4.3 The Nervous System

In the texts discussed in the last section the female reproductive organs take on the symbolic weight of gender difference. The uterus represents woman’s social, moral, physiological and anatomical capabilities. It is the centre of the female economy, permeating out to all other functions. One of these functions which was seen to be particularly important in defining sexual difference was the nervous system. As we have already seen in Springthorpe’s text ’Climacteric Neurosis’ (1886), the female reproductive system could be understood to have a traumatic effect on the nervous system. In this section I trace how the female nervous system was understood in relation to the reproductive system. I look looks at how women were seen to suffer from various disorders, especially hysterical, as an outcome of the perception of the female body as an unstable economy, subject to constant internal variation, and the likelihood of disorder further enhanced by the greater delicacy and sensitivity which were thought to characterize female nerves.

The question I am asking in my reading of these texts is how far the female body’s periodicity influences and is influenced by nervous disorders and did gynaecological and obstetrical discourse produce a physiological basis for what was generally held to be women’s greater emotional volatility? I look at the example of hysteria as a nervous disorder which is intimately linked with the female body, almost to the extent of it being defined as a normal state

of the female body, providing an image of woman as always lacking and in need of control. My reason for focusing on hysteria are twofold: one is that hysteria has been a subject of great interest both historically and in contemporary literature on gender difference; and, secondly, the physiological explanation of hysteria has been side-stepped in favour of the psychoanalytical or post-Freudian view. In my study of hysteria I look at the physiological basis rather than at the unconcious in order to see how hysteria was associated with gynaecological issues.

During the late 19th century there were two modes of understanding the female nervous system. One saw the reproductive organs as peripheral irritants to the central nervous system. The ovaries and uterus were seen as particularly disruptive end organs in the economy of the body. The other model saw the whole female body as an impressionable medium, more vulnerable to nervous disorders and emotional states.

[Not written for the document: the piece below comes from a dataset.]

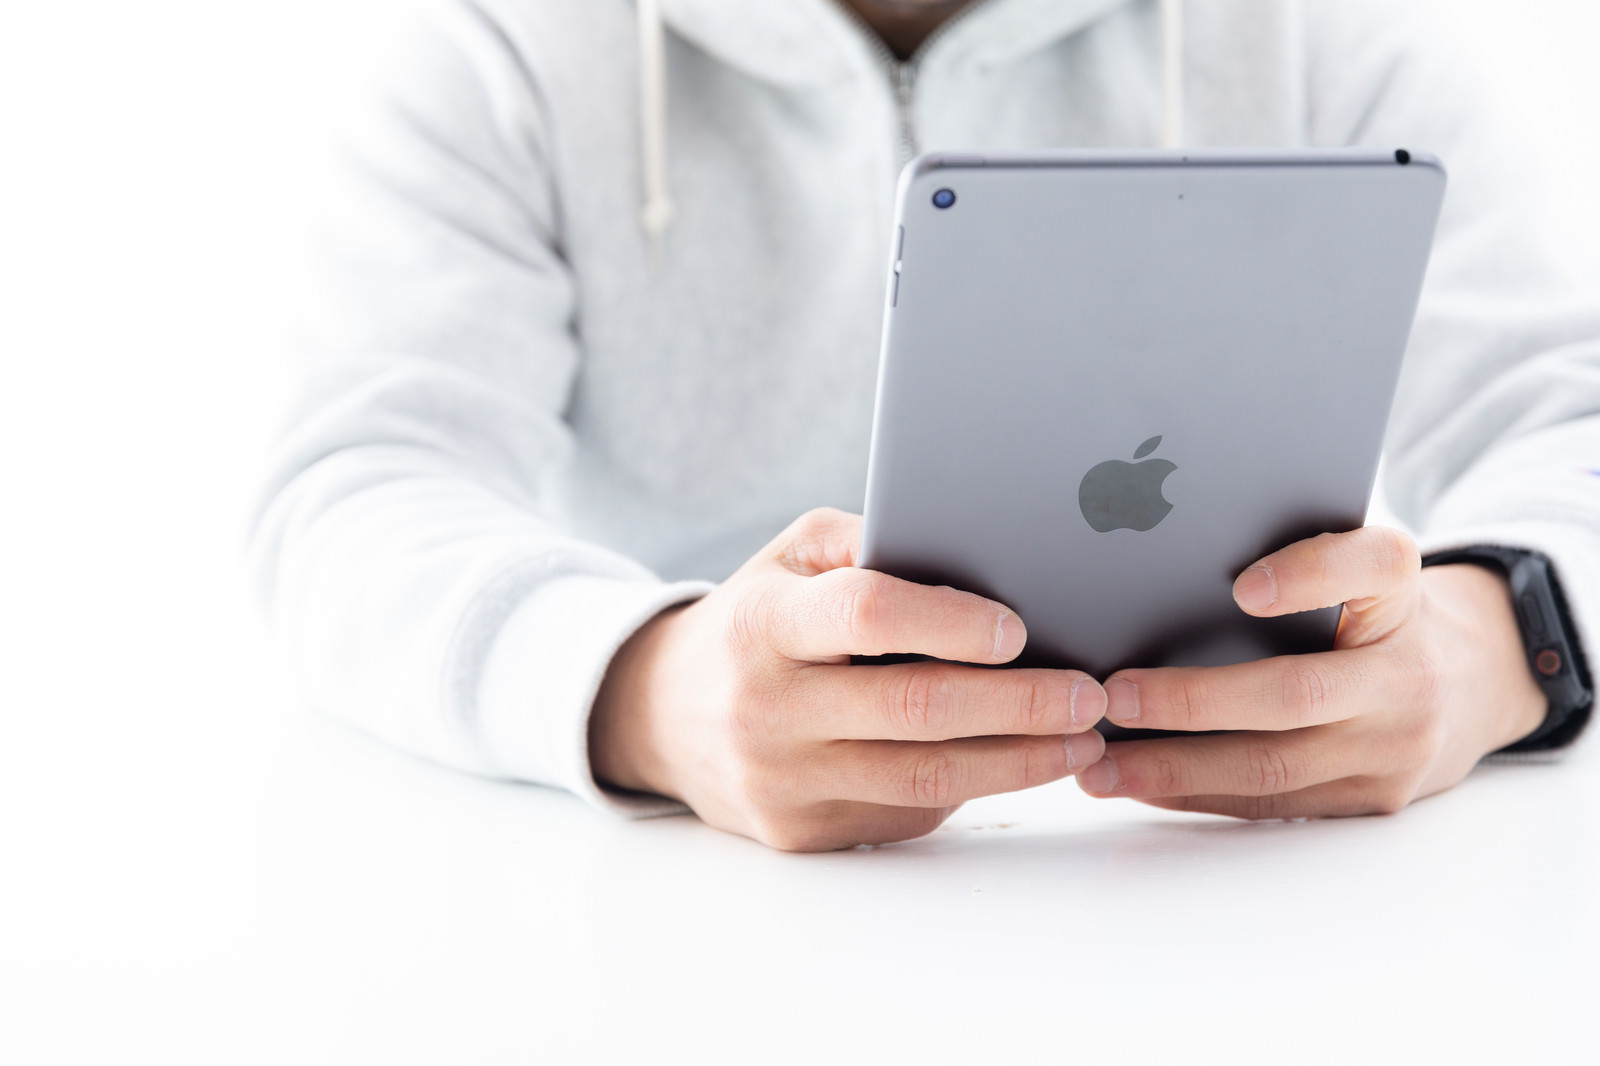 「新型iPadminiを両手で持った感触 | フリー素材のぱくたそ」の写真

Here the whole feminine condition is treated as nervously unstable. The two models existed concurrently but I would argue that over the period there is a general shift toward the second way of understanding nervous disorders as the focus extended from the reproductive organs to the physiology of the whole female body as permeated by its reproductivity.

Examples of the first way of perceiving the body are Springthorpe’s explanation of menopausal disorders in ’Climacteric Neurosis’ (1886) and of epilepsy in ’Treatment of Epilepsy by Removal of Peripheral Irritants (1887)’. In the first text, as discussed above, the reproductive system alters the smooth functioning of the nervous system. The nervous system is described as a neutral function with the reproductive function the point of femaleness and therefore difference. The female body is made more prone to emotional instability by the functioning of this end organ. Similarly, in his 1887 text an ’ovarian’ and ’uterine’ irritation are ’looked for’ in order to treat epilepsy. The description of epilepsy is applied to a neutral body; it is an ’irregular overflow’ of messages to the ’nerve area ... in communication with a great number of cells and sensory nerves generally’. (Springthorpe,1886:177) In the female body it is the generative organs which are understood to produce the imbalance. In other studies he links menstrual and uterine irritants as a common cause of epilepsy. In this study eleven out of nineteen cases of epilepsy were diagnosed as being produced by an ovarian irritant or related to the menstrual period.